Implementations for C

In order to implement general-purpose coroutines, a second call stack must be obtained, which is a feature not directly supported by the C language. A reliable (albeit platform-specific) way to achieve this is to use a small amount of inline assembly to explicitly manipulate the stack pointer during initial creation of the coroutine…

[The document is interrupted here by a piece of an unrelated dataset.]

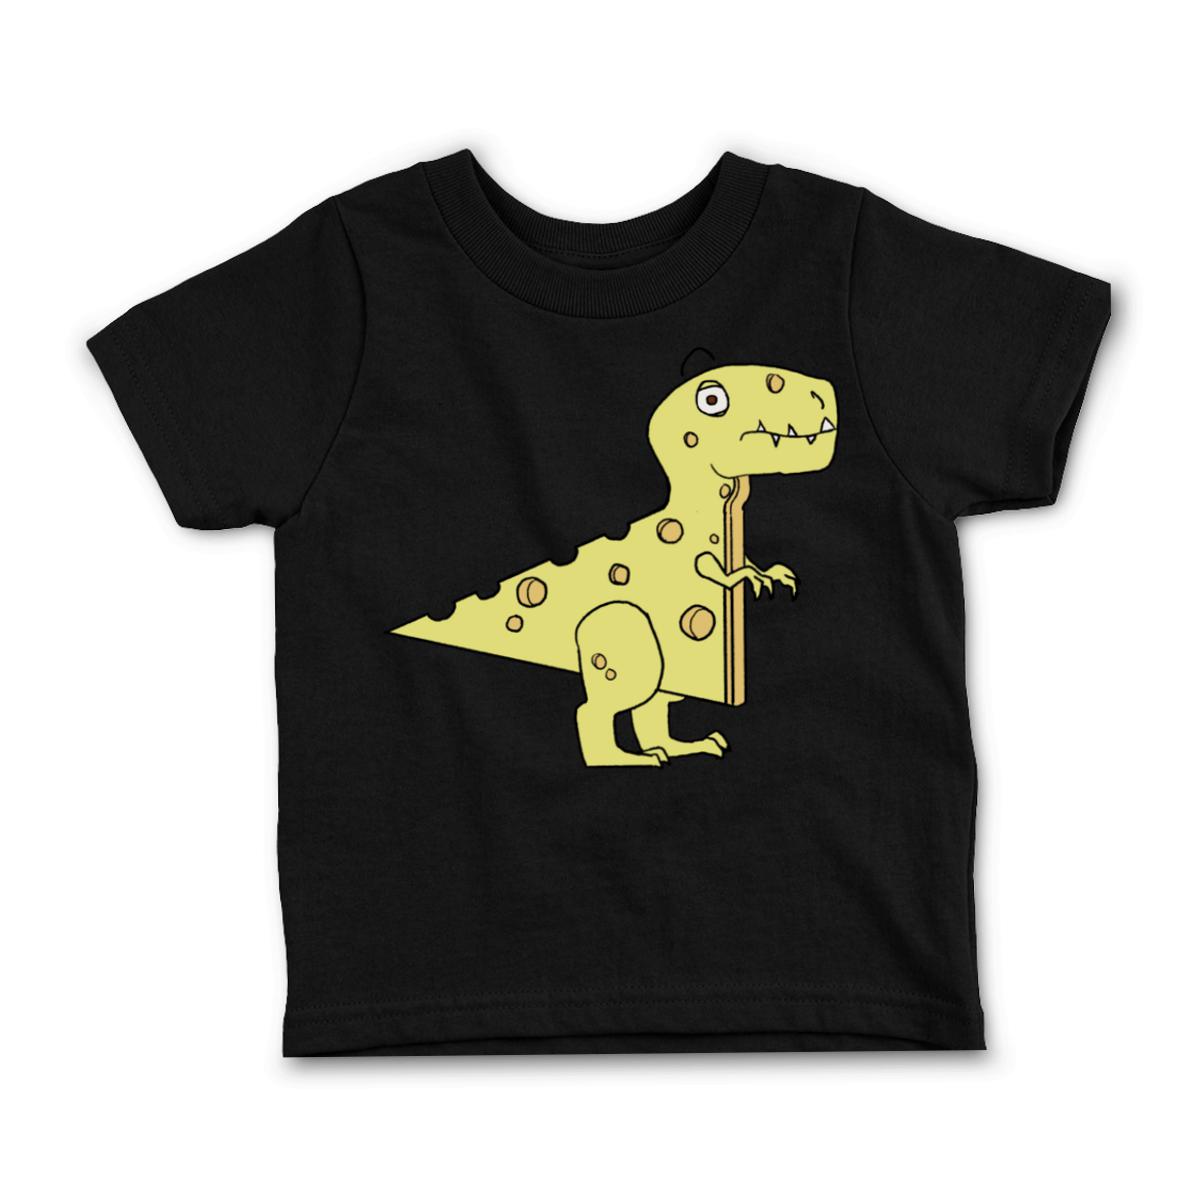 Cheeseosaurus Rex Toddler Tee 56T black

Once a second call stack has been obtained… the setjmp and longjmp functions in the standard C library can then be used to implement the switches between coroutines. These functions save and restore, respectively, the stack pointer, program counter, callee-saved registers, and any other internal state as required by the ABI, such that returning to a coroutine after having yielded restores all the state that would be restored upon returning from a function call. Minimalist implementations, which do not piggyback off the setjmp and longjmp functions, may achieve the same result via a small block of inline assembly which swaps merely the stack pointer and program counter, and clobbers all other registers. This can be significantly faster, as setjmp and longjmp must conservatively store all registers which may be in use according to the ABI, whereas the clobber method allows the compiler to store (by spilling to the stack) only what it knows is actually in use.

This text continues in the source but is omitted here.